→ THE DATA:
↓↓↓
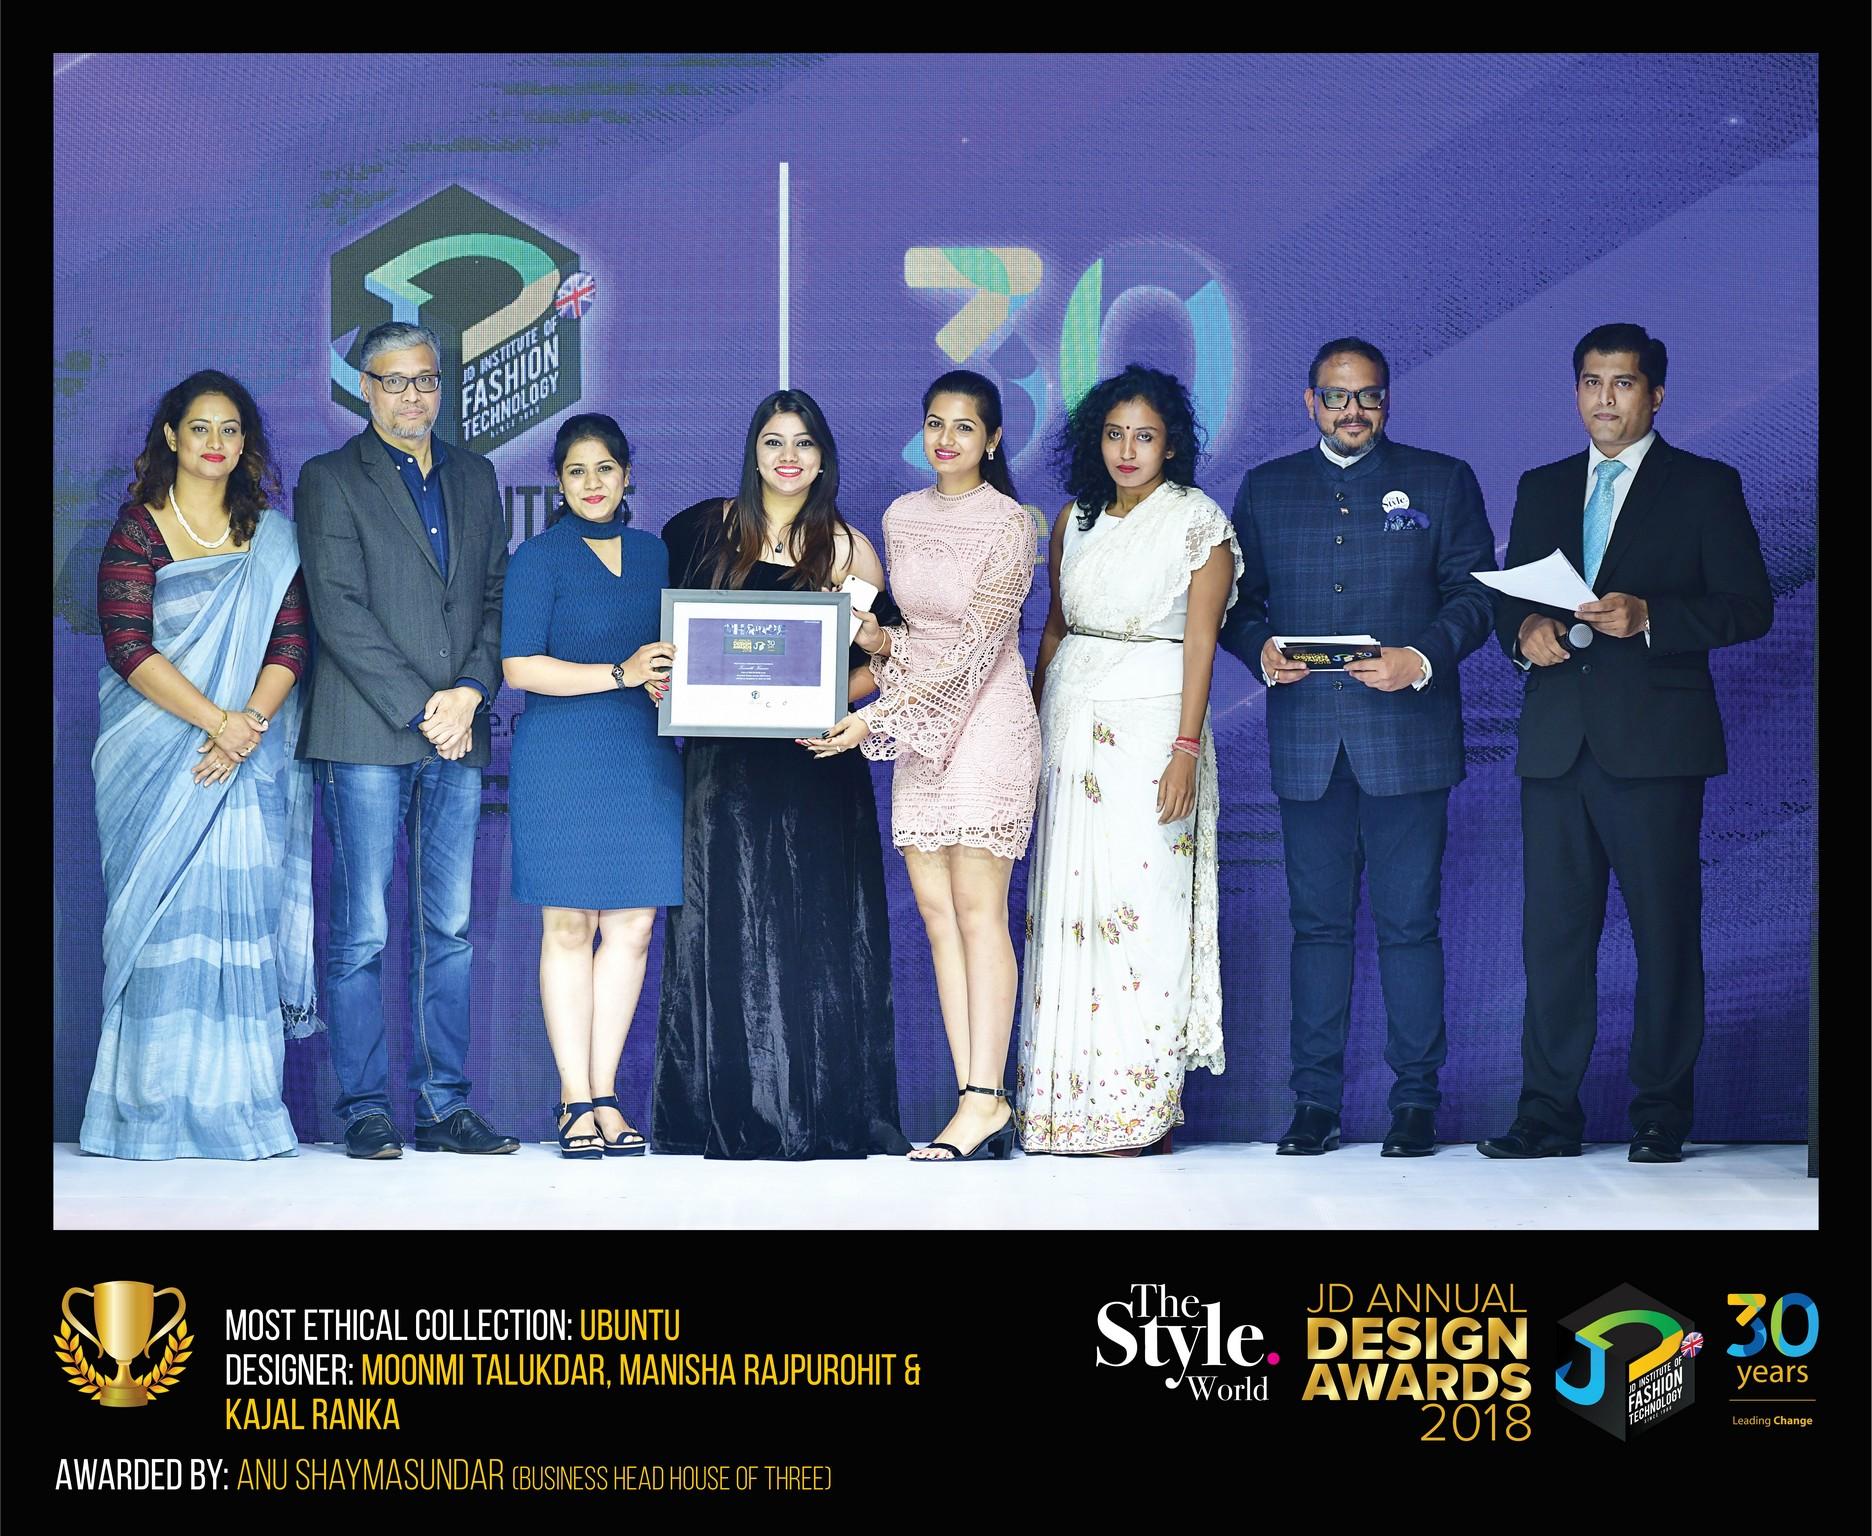 Ubuntu – Change – JD Annual Design Awards 2018 | Designer: Manisha, Kajal and Moonmi | Photography : Jerin Nath (@jerin_nath) ubuntu - UBUNTU - Ubuntu – Change – JD Annual Design Awards 2018
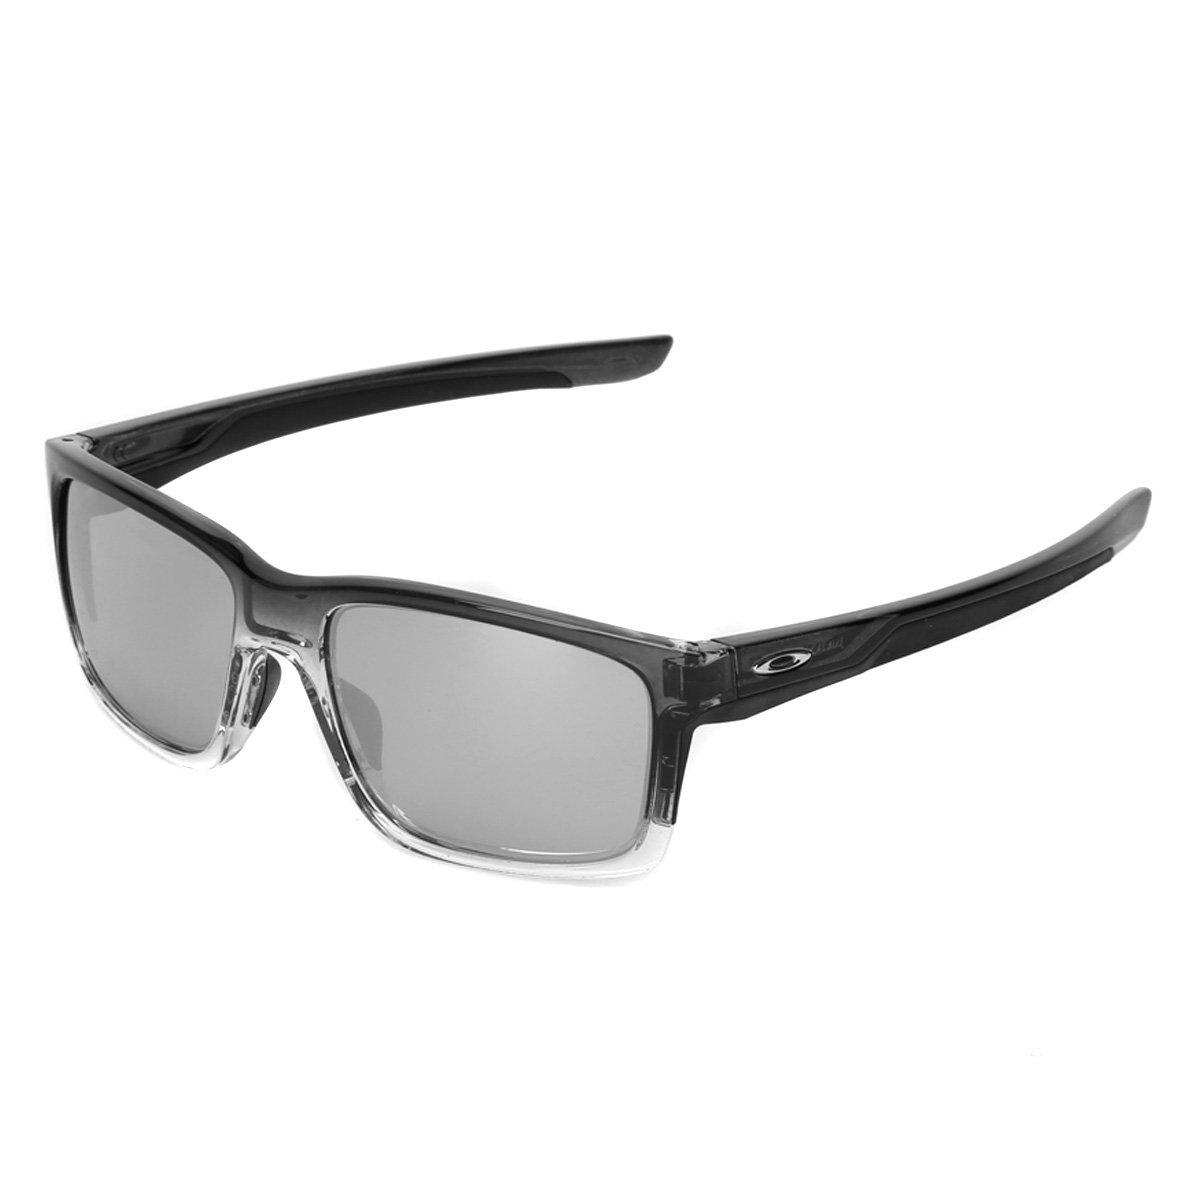 21e91f3bf0f84 Óculos de Sol Oakley Mainlink Masculino
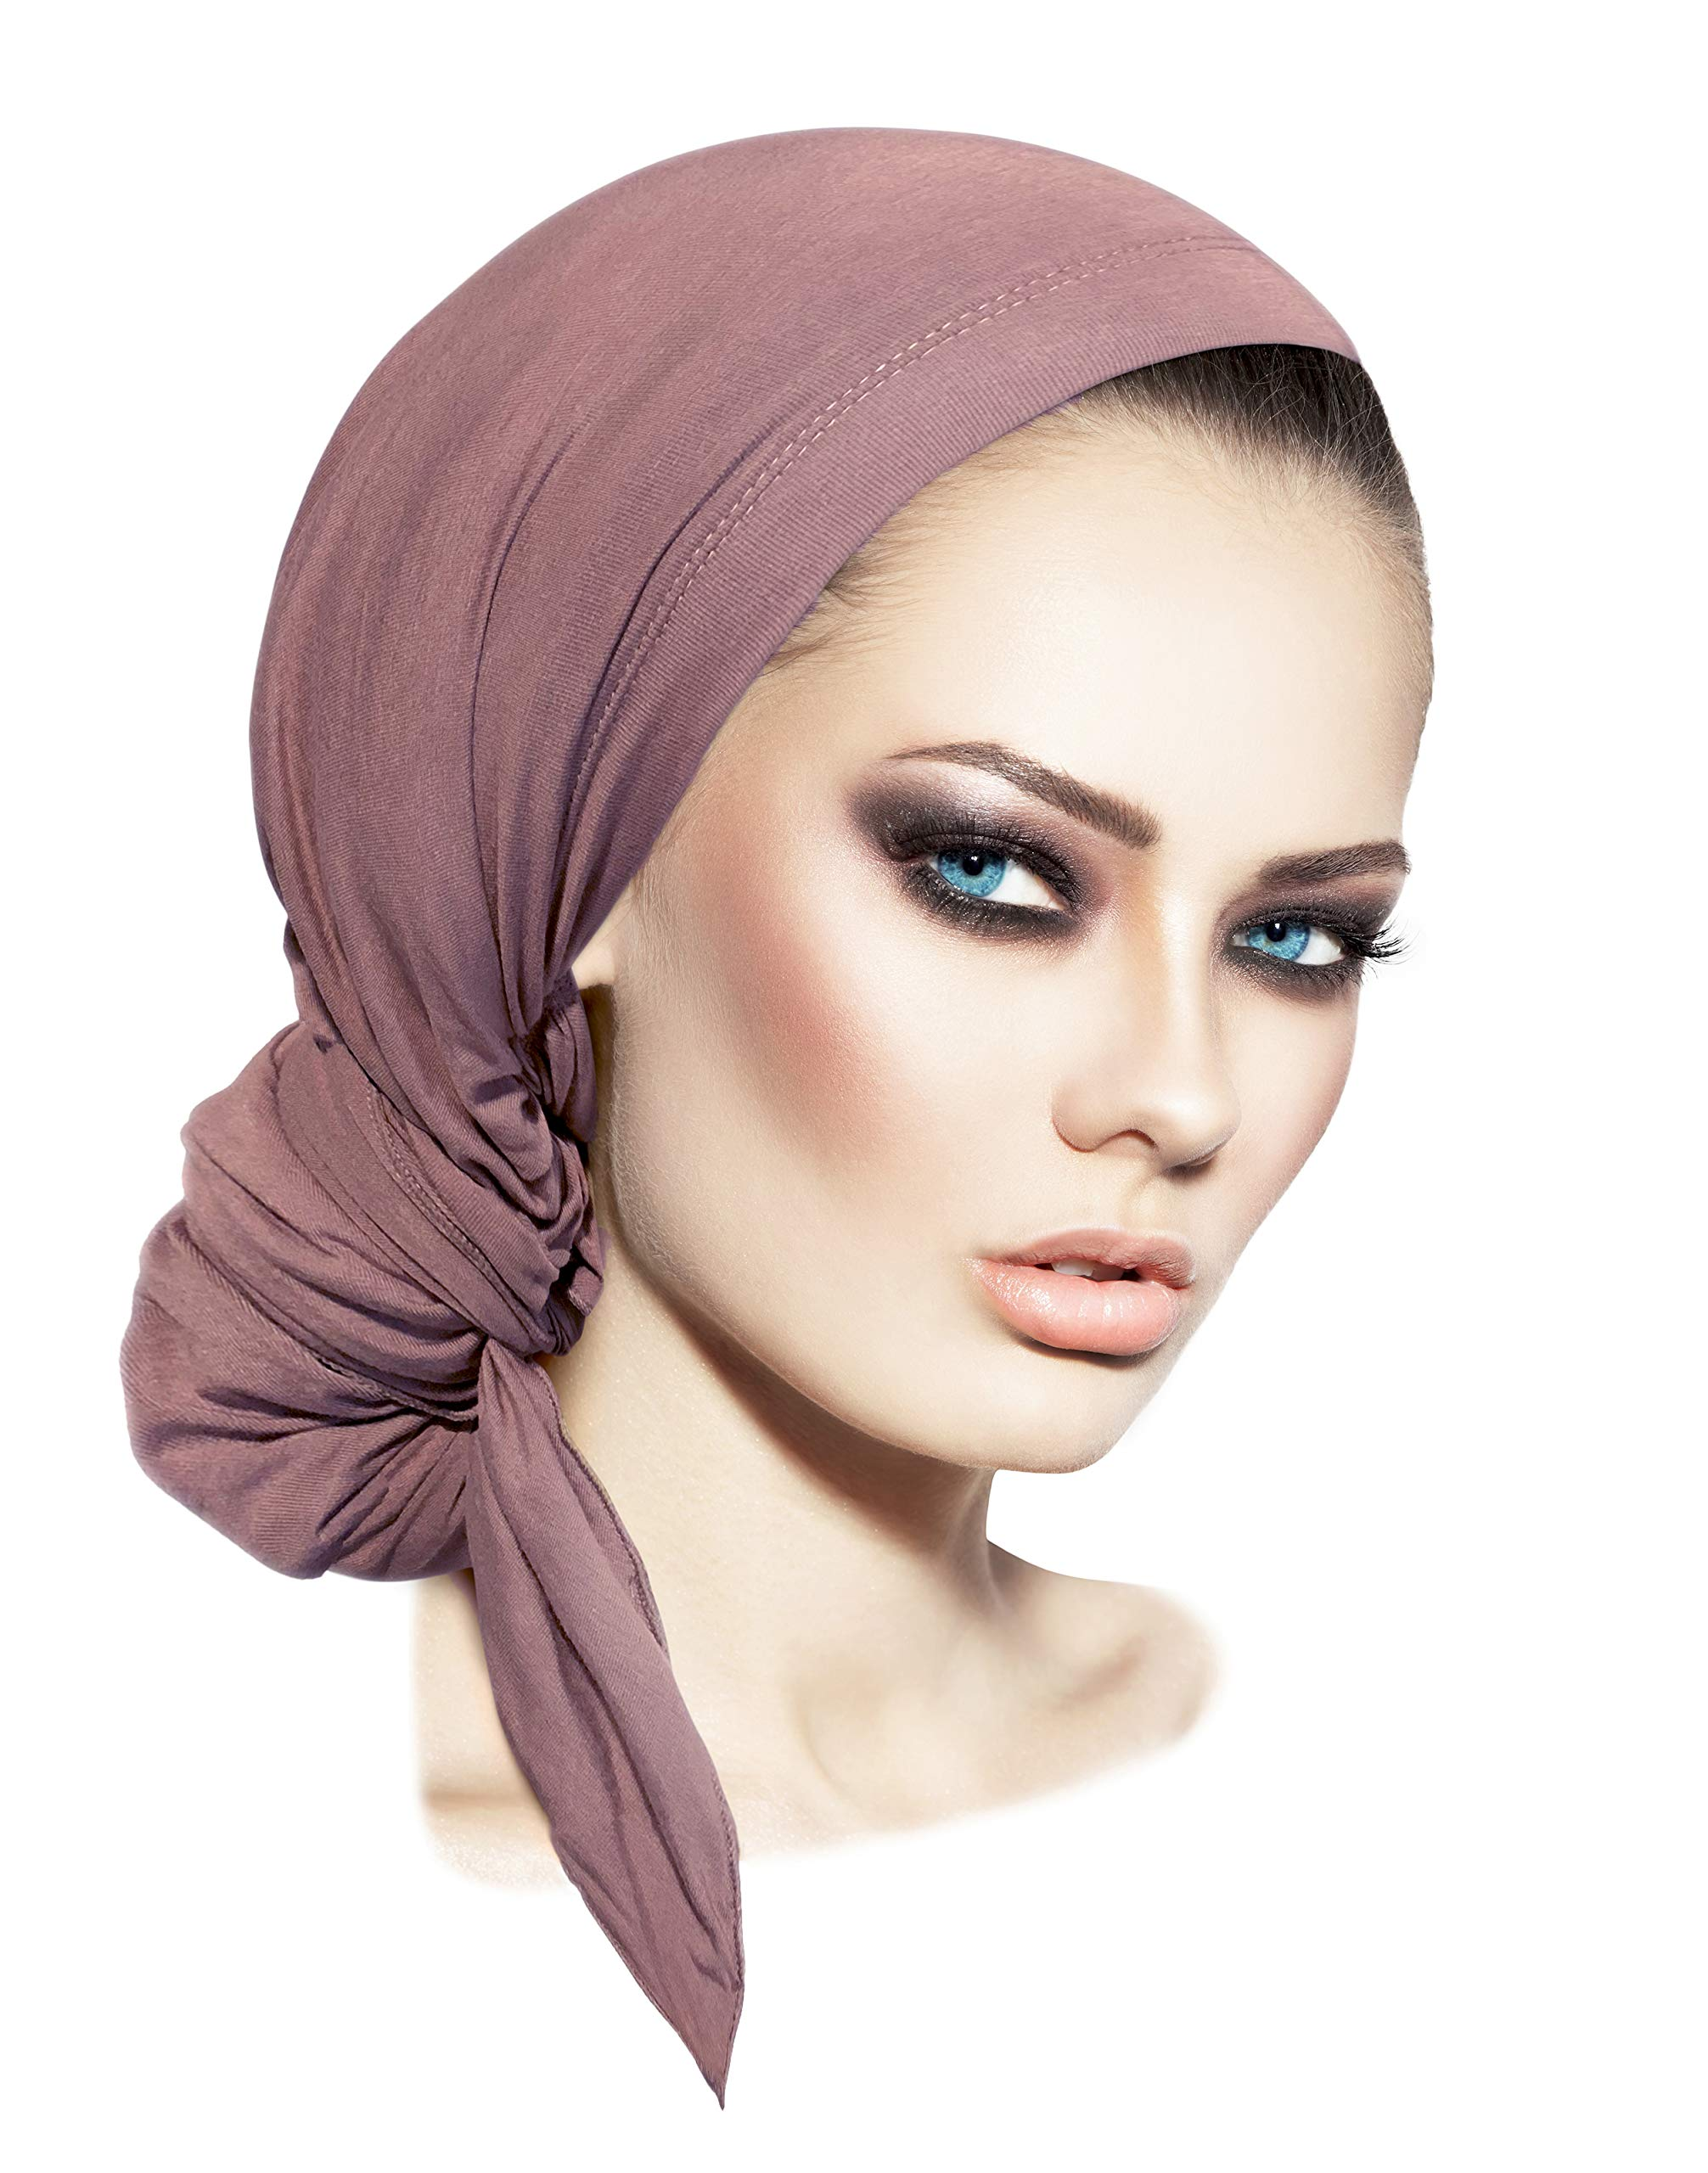 cc54dc79f19 Pre-Tied Head-Scarf Versatile Long Ties Bandana Tichel Headwear Turban Wrap  Soft Cotton
↑↑↑
→ WORK TO COMPLETE: Once the pictures are set aside, give the rest of the listing again exactly.

→ RESULT:
 Ubuntu – Change – JD Annual Design Awards 2018 | Designer: Manisha, Kajal and Moonmi | Photography : Jerin Nath (@jerin_nath) ubuntu - UBUNTU - Ubuntu – Change – JD Annual Design Awards 2018
 21e91f3bf0f84 Óculos de Sol Oakley Mainlink Masculino
 cc54dc79f19 Pre-Tied Head-Scarf Versatile Long Ties Bandana Tichel Headwear Turban Wrap  Soft Cotton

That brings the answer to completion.